# What is being asked
Please return every line of the material verbatim and skip any images.

# Dataset extract
######

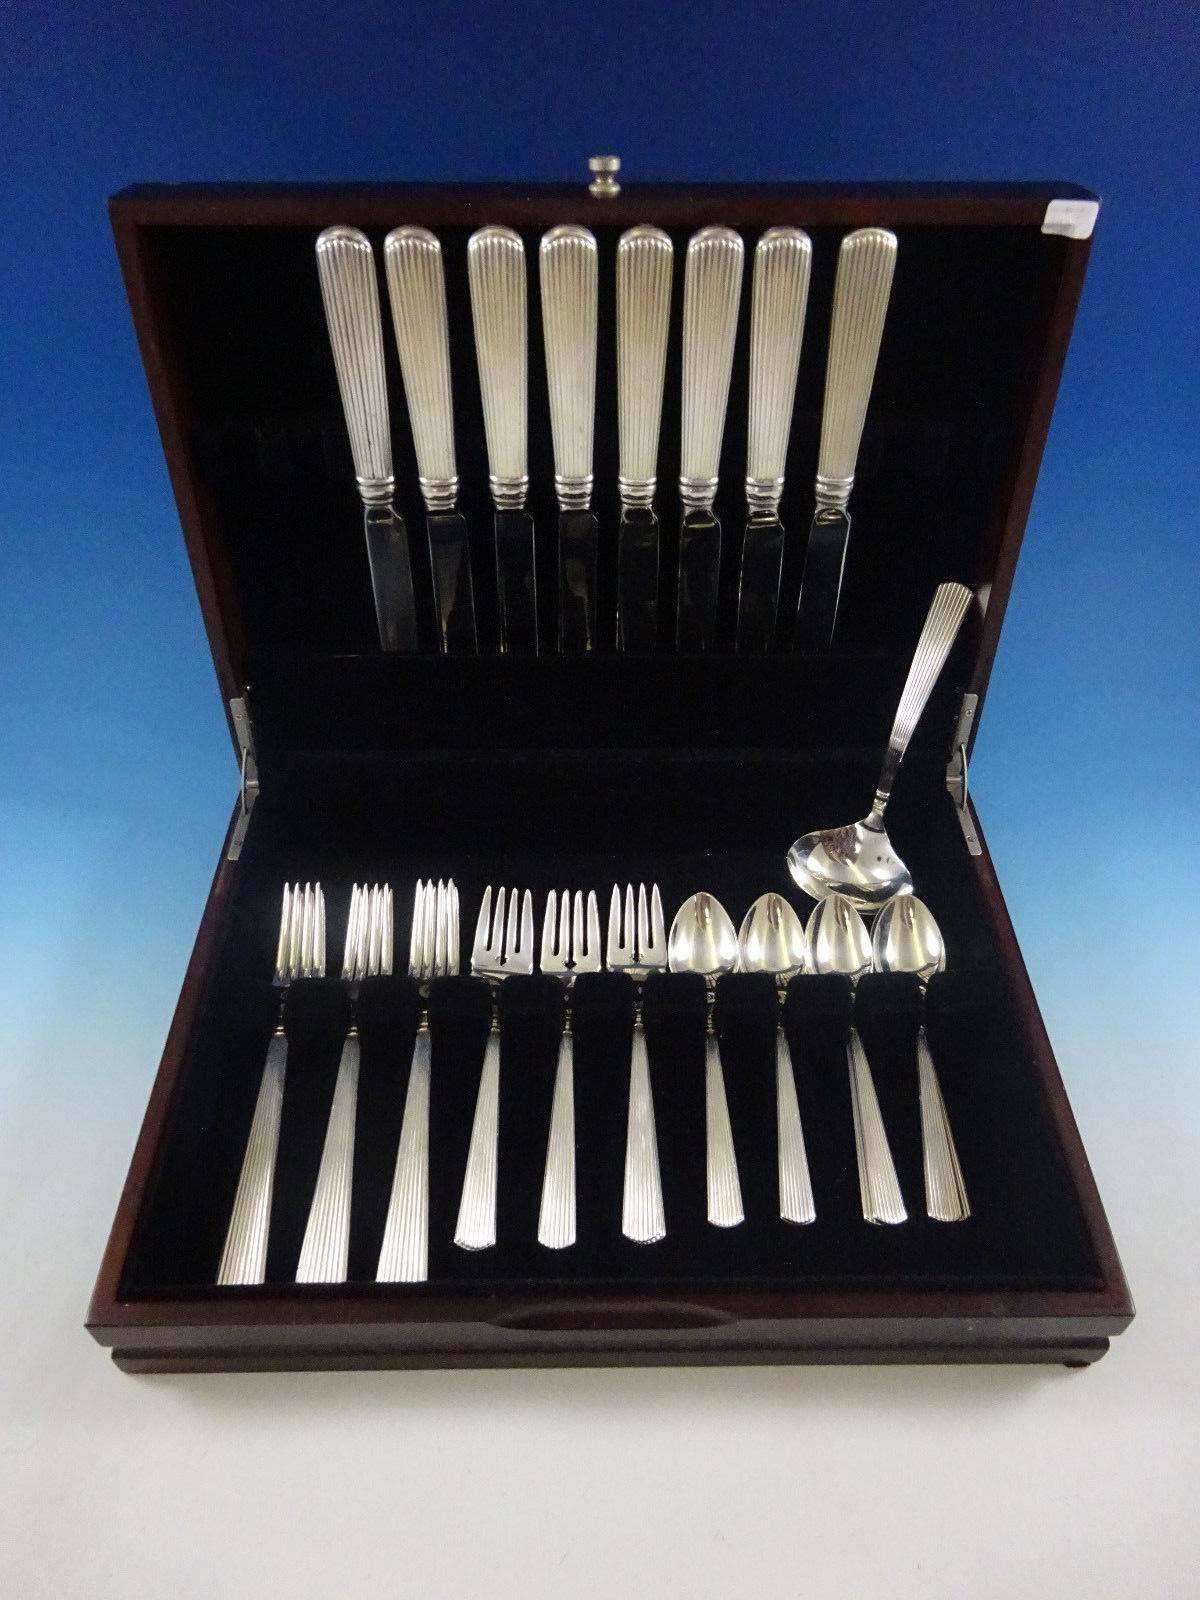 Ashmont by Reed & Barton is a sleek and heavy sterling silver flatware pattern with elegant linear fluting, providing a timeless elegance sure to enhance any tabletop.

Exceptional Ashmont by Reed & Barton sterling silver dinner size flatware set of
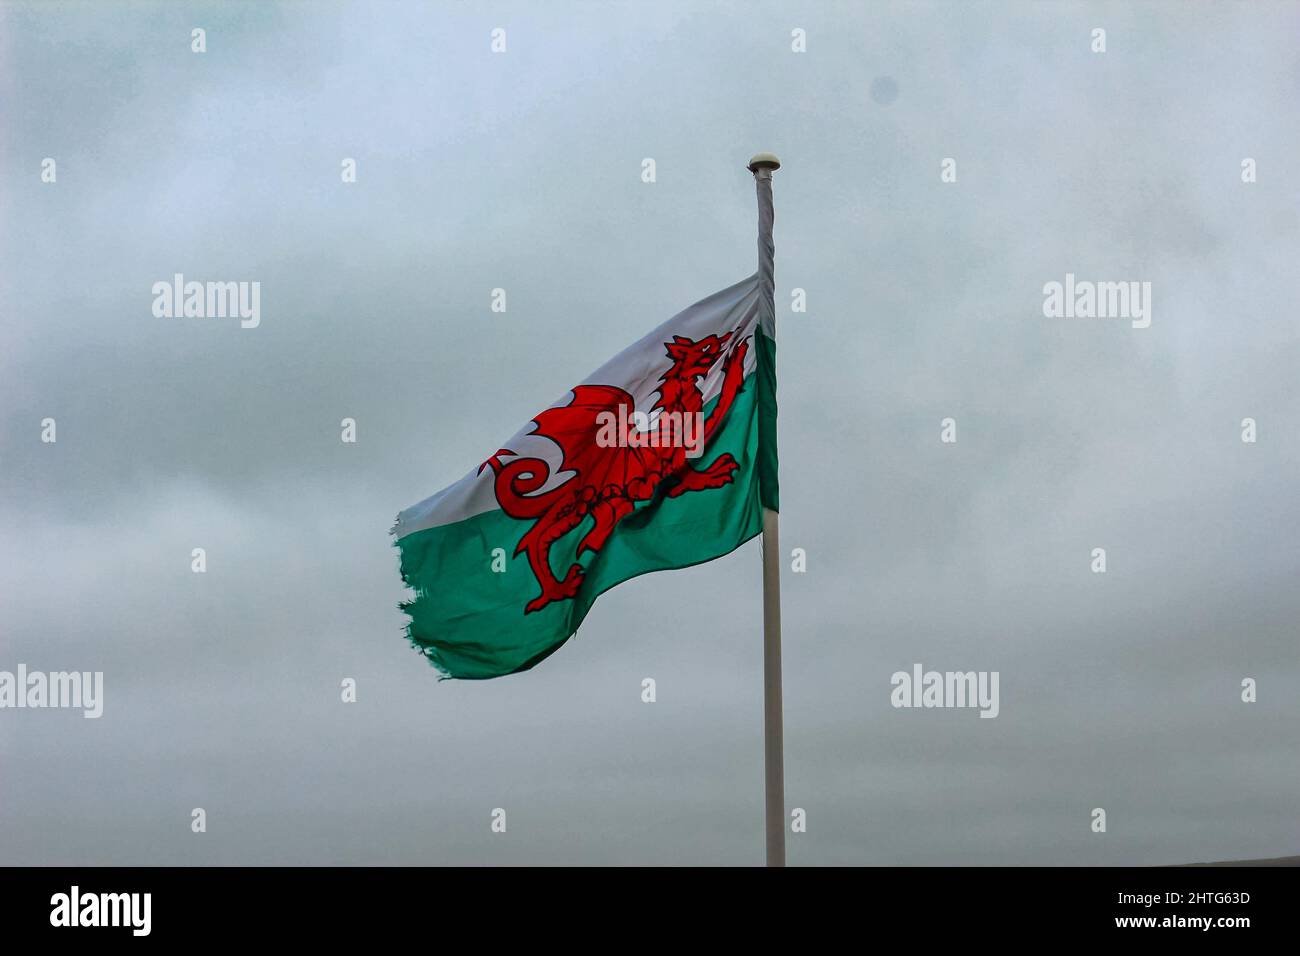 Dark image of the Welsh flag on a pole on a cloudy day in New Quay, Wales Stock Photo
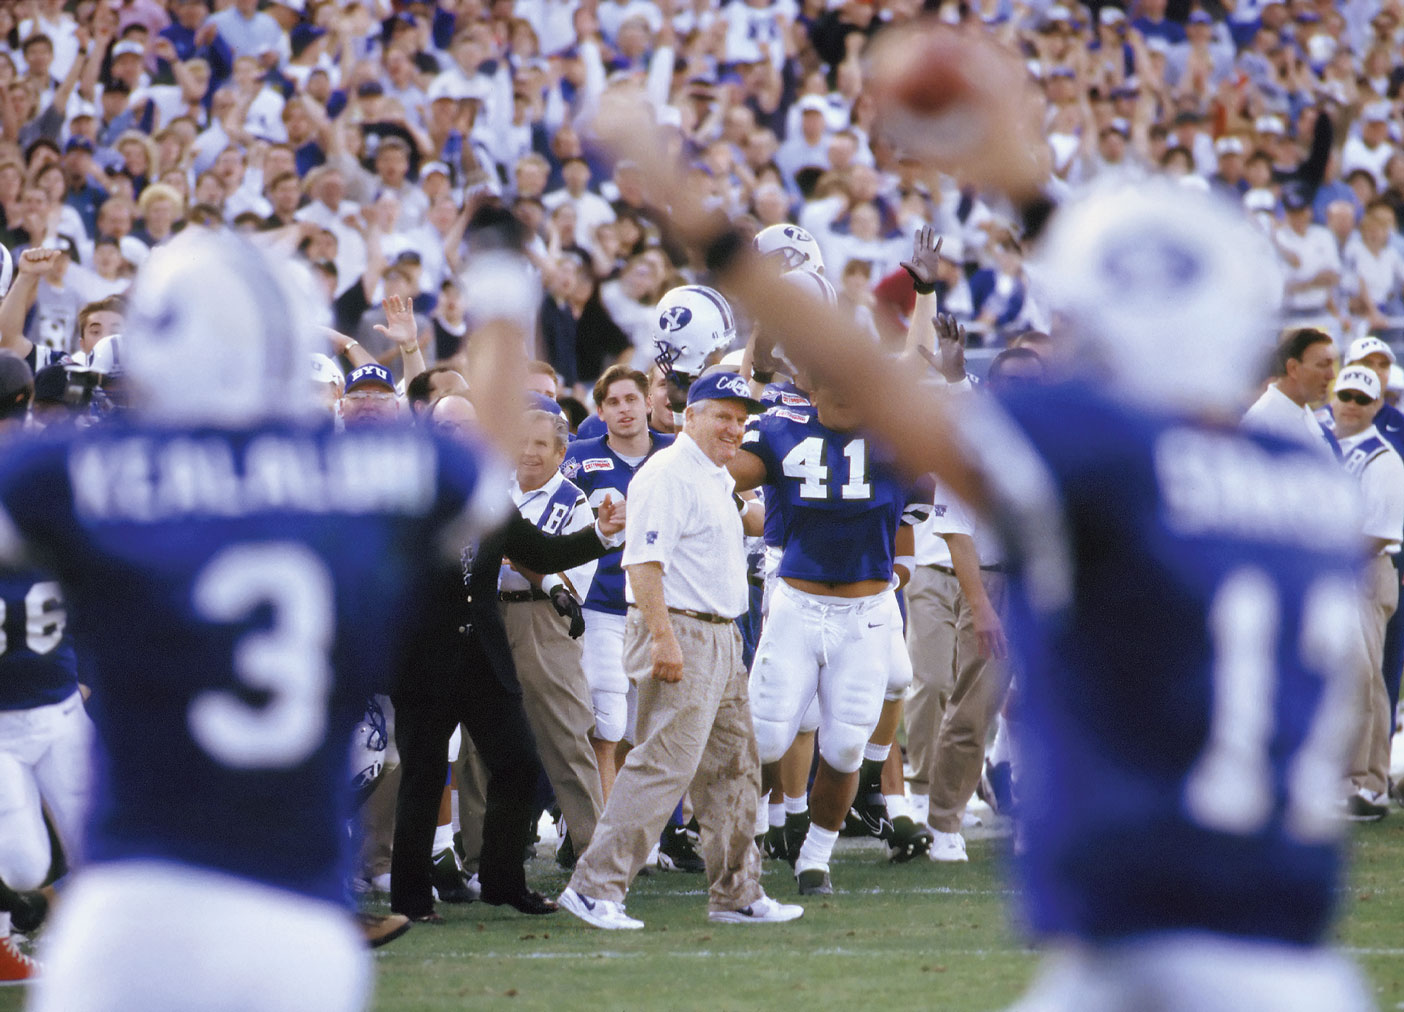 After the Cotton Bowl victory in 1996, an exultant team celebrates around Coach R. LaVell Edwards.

######

# Result below
 Ashmont by Reed & Barton is a sleek and heavy sterling silver flatware pattern with elegant linear fluting, providing a timeless elegance sure to enhance any tabletop.

Exceptional Ashmont by Reed & Barton sterling silver dinner size flatware set of
 Dark image of the Welsh flag on a pole on a cloudy day in New Quay, Wales Stock Photo
 After the Cotton Bowl victory in 1996, an exultant team celebrates around Coach R. LaVell Edwards.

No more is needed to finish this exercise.